> [WHAT TO DO] Output the listing exactly, without its pictures.

> [DATA SHOWN]
- Opening Delimiter -
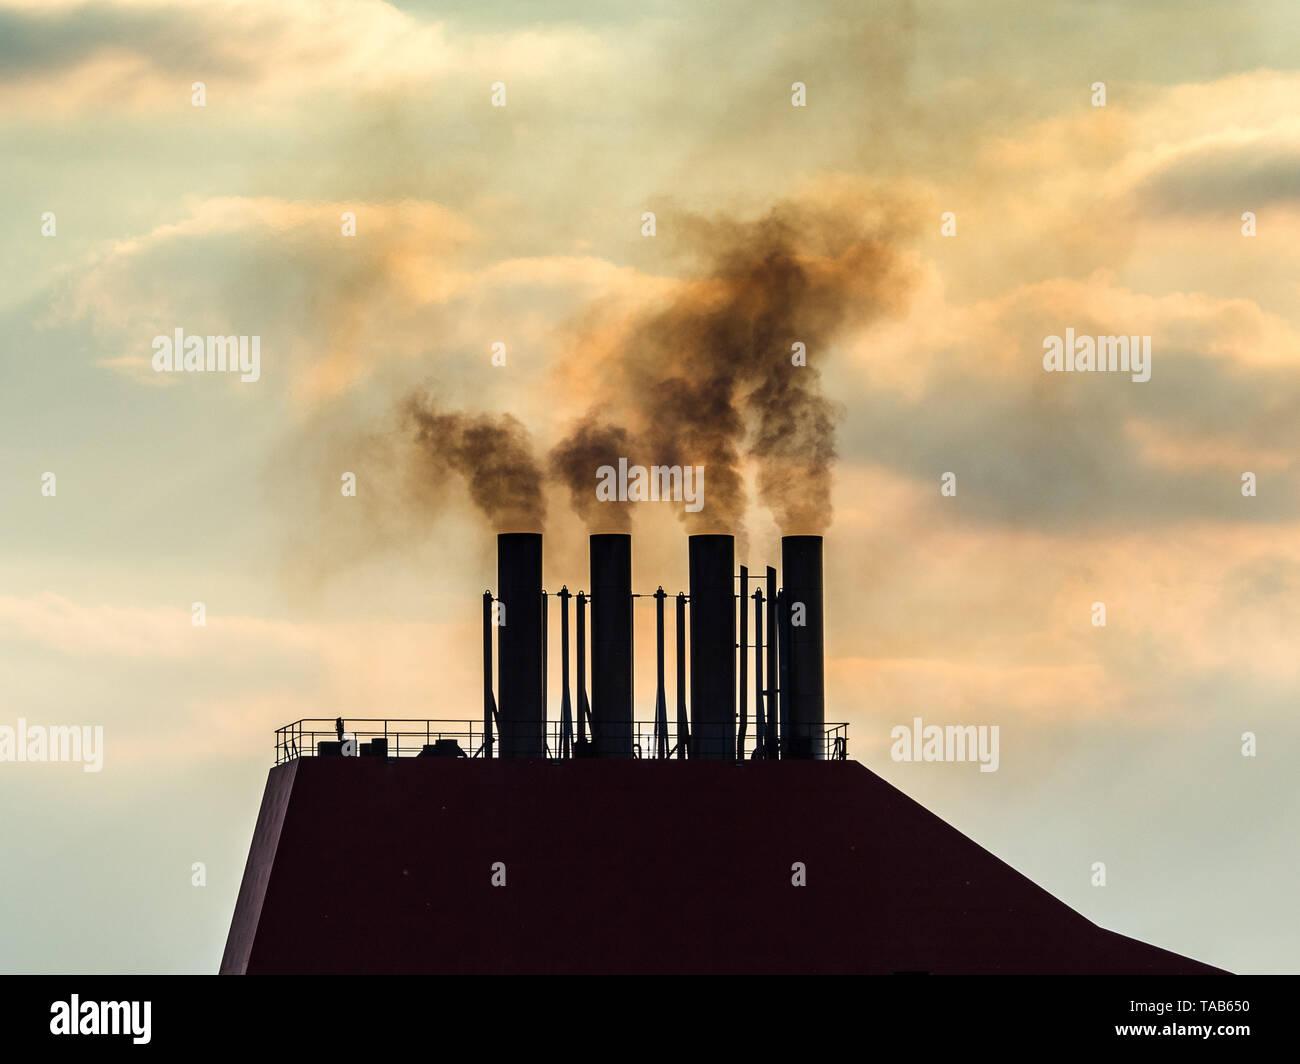 Nave Imbuto di scarico - Inquinamento provocato dalle navi - fumo dalla nave container Immagini Stock
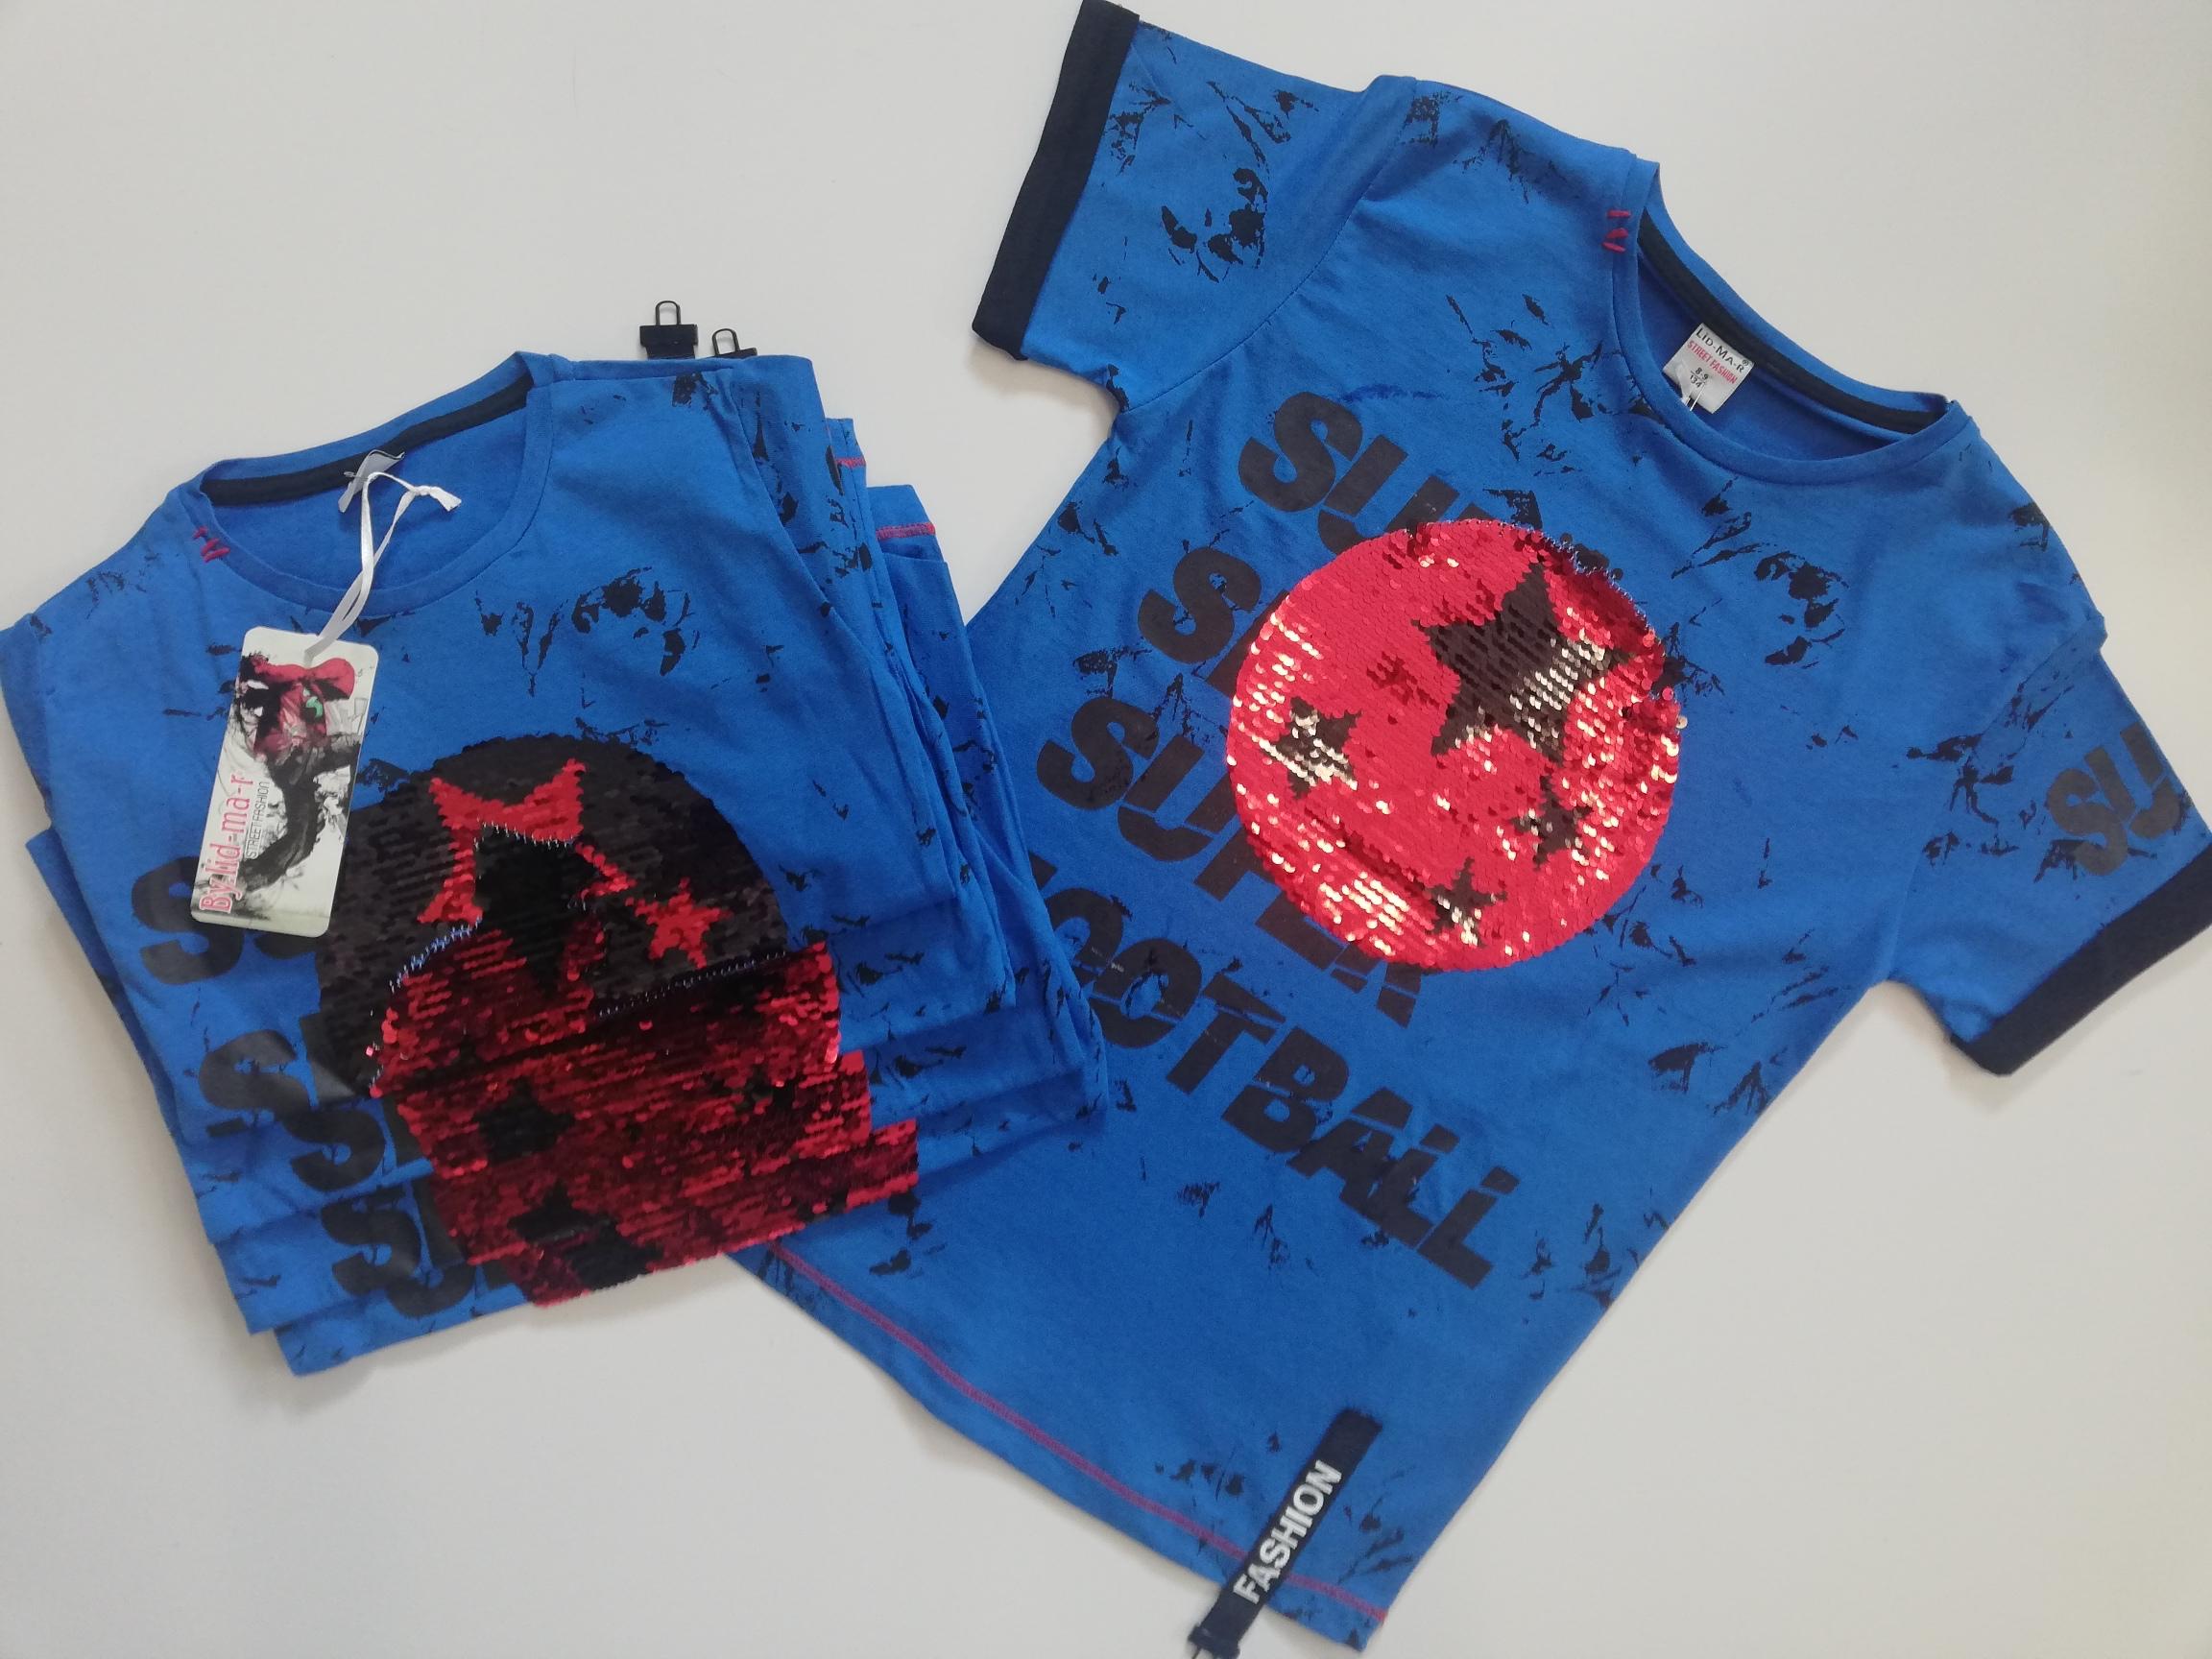 542b8fccc856 Chlapecké tričko vel. 116
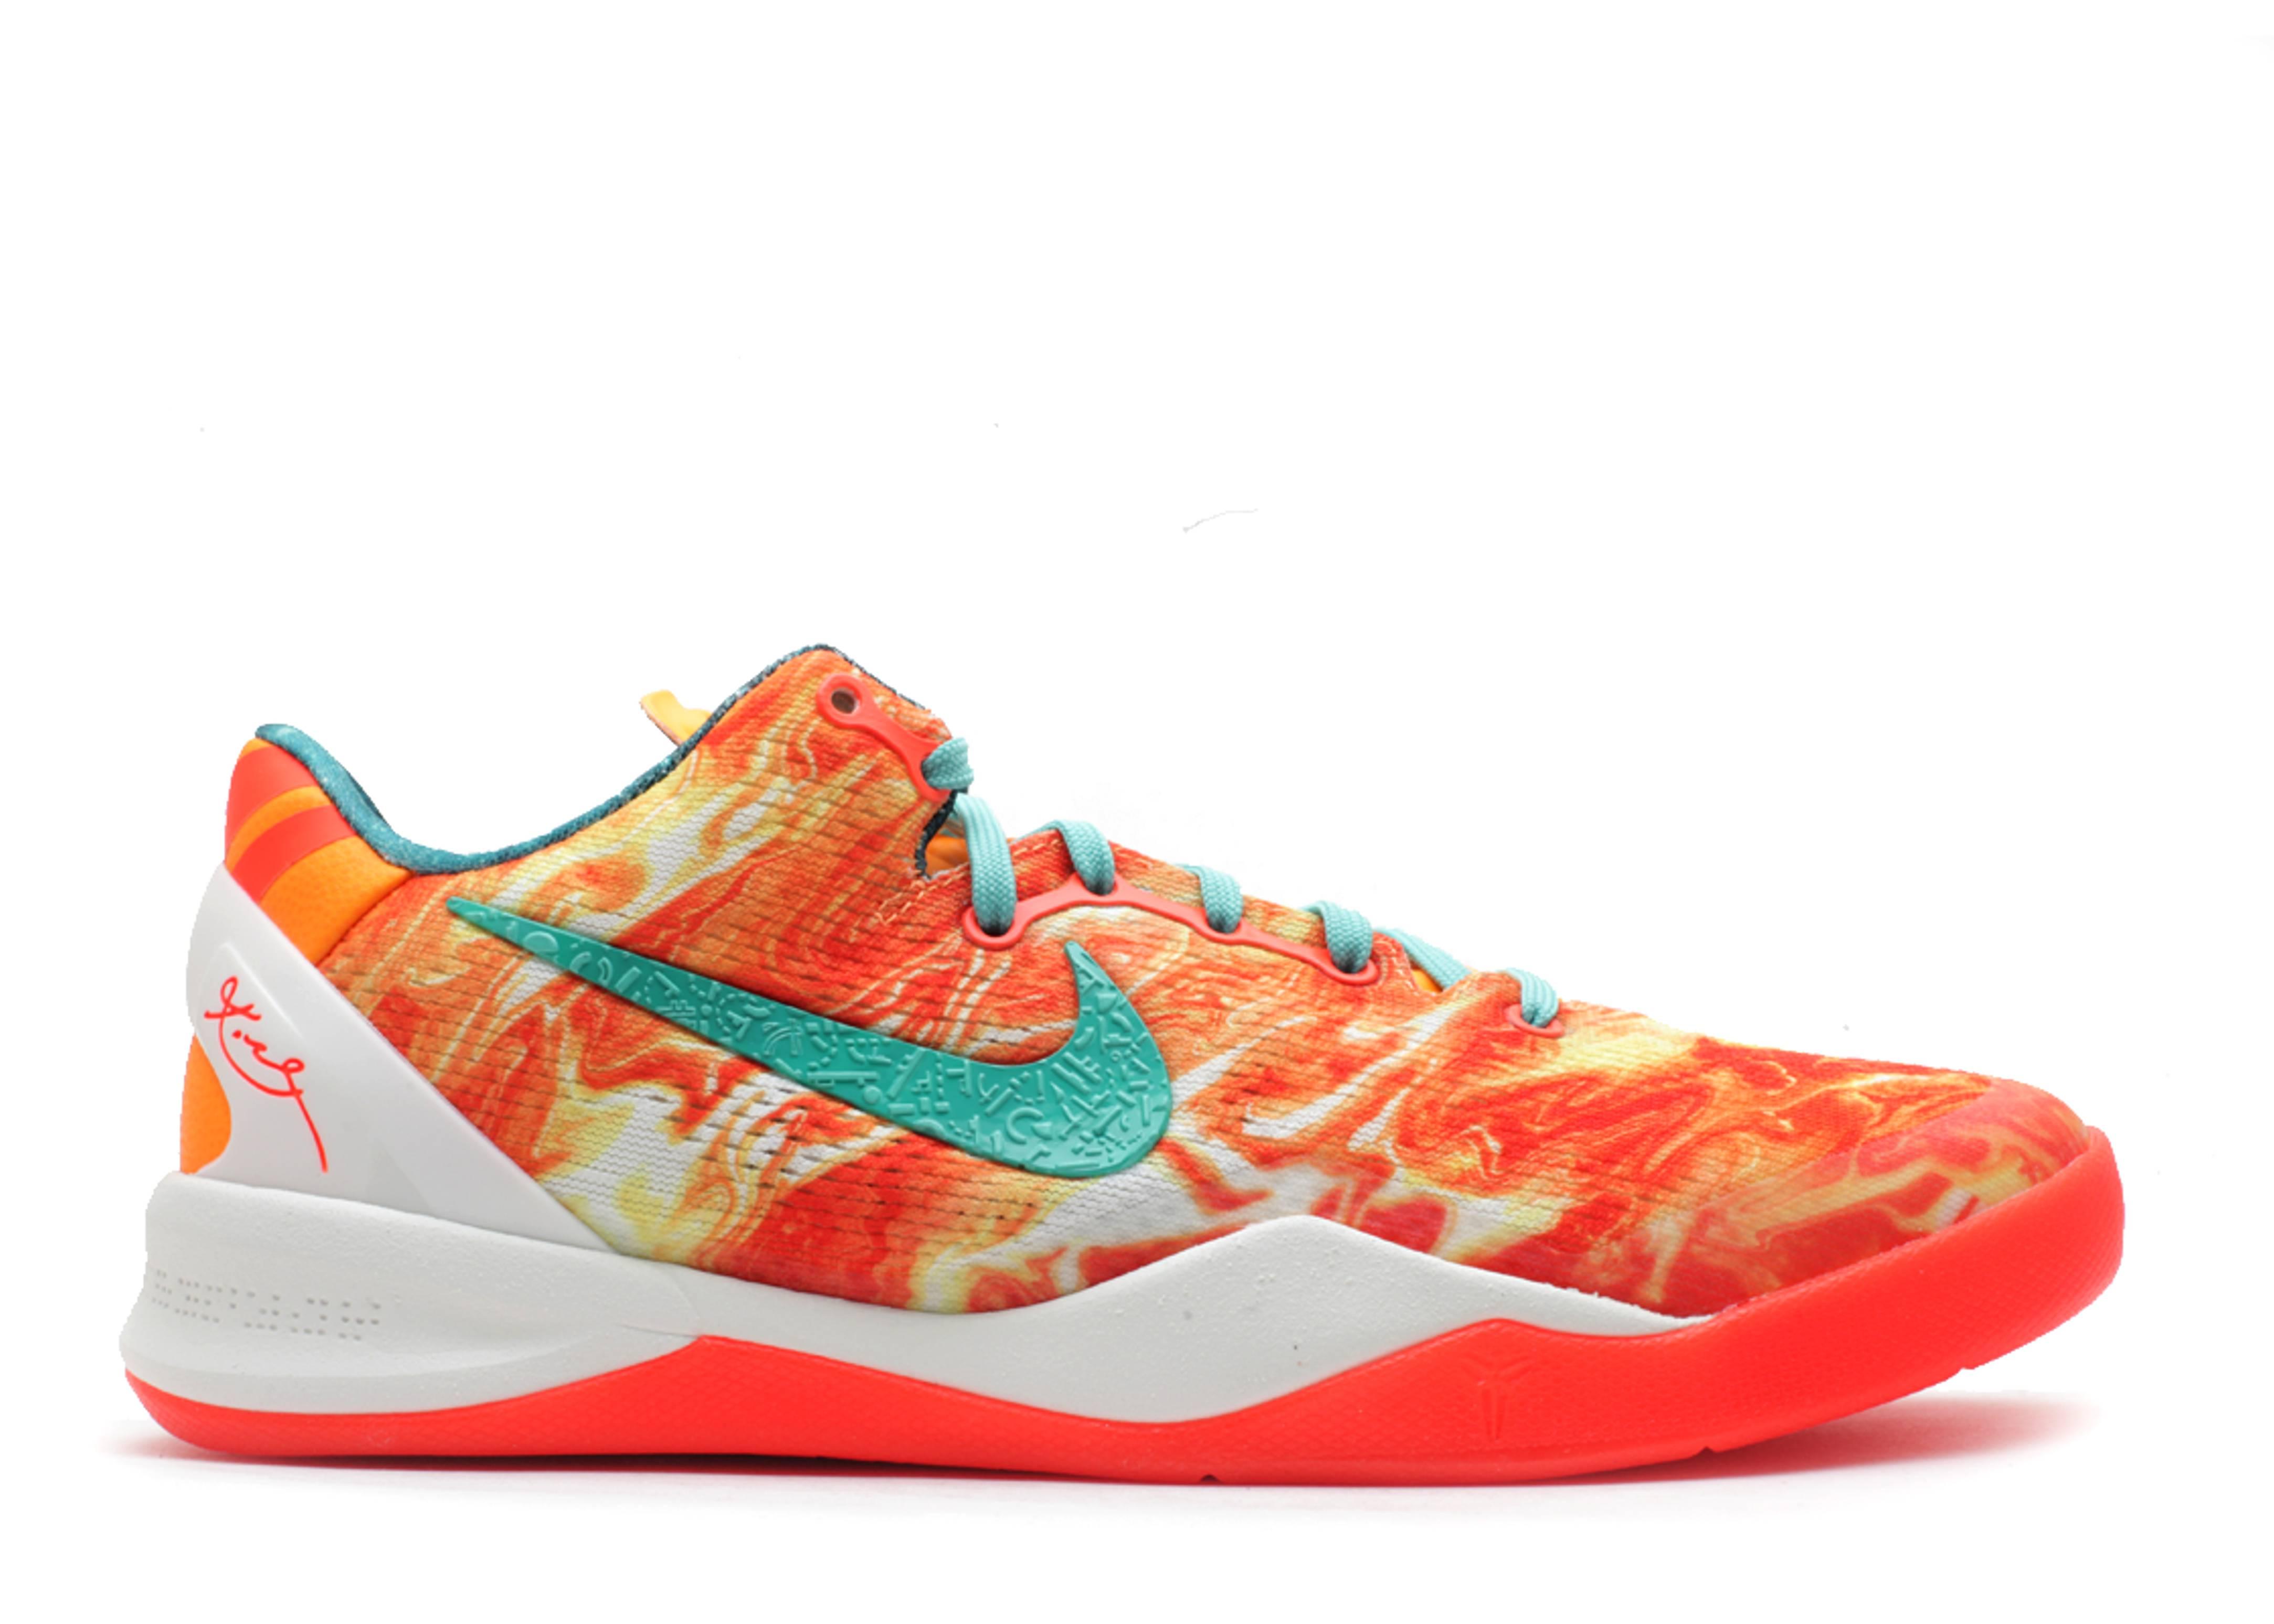 Nike Kobe 8 GS Nike Kobe 8 For Sale  10f60ac90f
- Closing Delimiter -
> [ANSWER TO THE PROBLEM]
 Nave Imbuto di scarico - Inquinamento provocato dalle navi - fumo dalla nave container Immagini Stock
 542b8fccc856 Chlapecké tričko vel. 116
 Nike Kobe 8 GS Nike Kobe 8 For Sale  10f60ac90f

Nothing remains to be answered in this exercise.